The video referee is not the biggest problem in rugby league

The Single Biggest Problem in Rugby League

For all the talk about refereeing issues in 2012, the single biggest problem in rugby league (the NRL, anyway) remains ever present. I am not talking about the obstruction rule, the benefit of the doubt or any other rule interpretation. I am talking about the fact that referees continue to constantly coach players throughout games. Here are some examples to consider:

NRL referees need to change their approach

NRL referees need to change their approach

“Stay square.”
“Stay onside.”
“Two feet behind.”
“Play it with your foot.”
“Here with me.”
“Make it back.”
“Stand up.”
“Stay out.”
“You’re offside.”
“Keep working.”
“Come on.”
“Up now.”
“Up and straight.”
“Don’t hold him.”
“Let him up.”
“Get up now.”
“Wait for the whistle.”
“Up and away.”
“Wait for it.”
“Get off the ball.”
“Hold here.”
“Markers square.”
“With me.”
“Make the 10.”
“Keep coming.”
“Don’t pull the leg.”
“Stay behind him.”

If that list seems excessive, guess what, the first 30 items above were quotes from a single match! Listen closely next time you watch an NRL game; then listen to another game; then a third. It is incessant. By this stage, you should come to the realisation that this type of ‘refereeing’ is annoying, unfair and, above all, completely unnecessary.
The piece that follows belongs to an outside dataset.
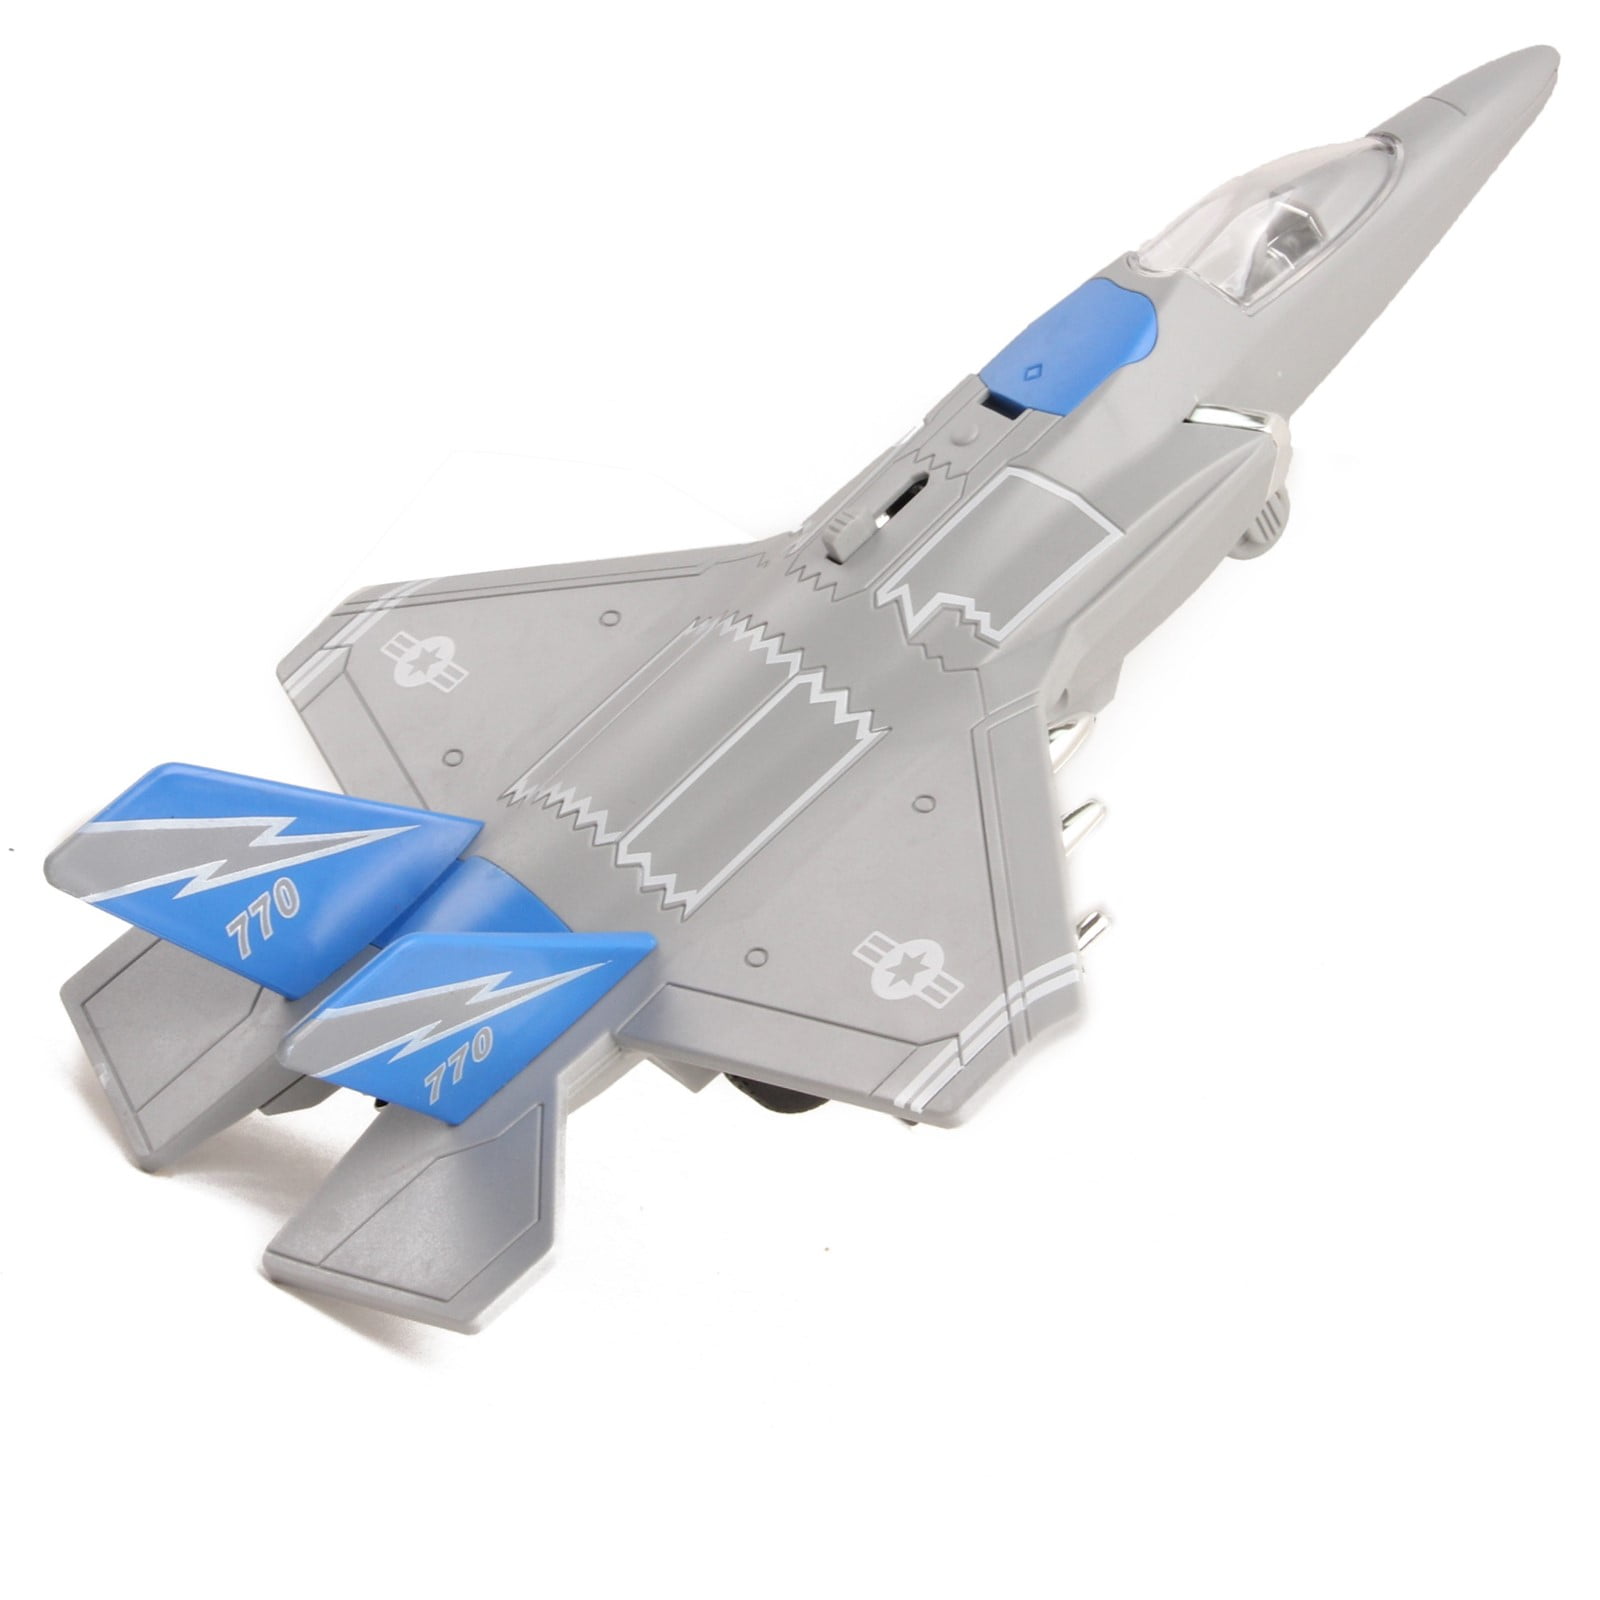 KIDS ARMY FIGHTER JET WITH LIGHTS AND SOUNDS MILITARY ACTION ADVENTURE TOY

Every time one of the above comments is made, my immediate thought is “penalise him!” Why are you telling him what to do?” One common argument is that the referee’s feedback allows the game to ‘flow’. This concept sounds reasonable at first – until you realise that it is, in fact, completely backwards. Sure, if the refs stopped making these comments, penalties might increase in the first few weeks. Players are adaptable, however, and they would soon realise that a new line in the sand had been drawn. Ultimately, if you give players an inch, they will take a mile and that is what is continuing to happen. Furthermore, let’s not forget the fact that the ‘coaching’ referee is a modern concept – rugby league was just fine for 90 years prior.

For the sake of argument, let’s assume that this style of refereeing does allow the game to flow better. What’s the problem? Well, nothing really, except for the fact that it introduces an immeasurable amount of bias that would not be tolerated in any other sport. If the referee asks one player to come back onside, but penalises another, where is the fairness in that? If a ref tells one side’s markers to “get square”, but then penalises the other team’s markers without warning, how does that facilitate an even contest? When you really think about it, it’s ludicrous, yet it happens in every single NRL match.

So what is the solution? Simply, referees need to enforce the rules and penalise infringements in a way similar to EVERY OTHER SPORT ON THE PLANET. Rugby league referees need to call “held”. They need to call out the tackle count. They need to blow the whistle when a team infringes upon the rules.  Everything else is unnecessary and, worse, creates extreme bias.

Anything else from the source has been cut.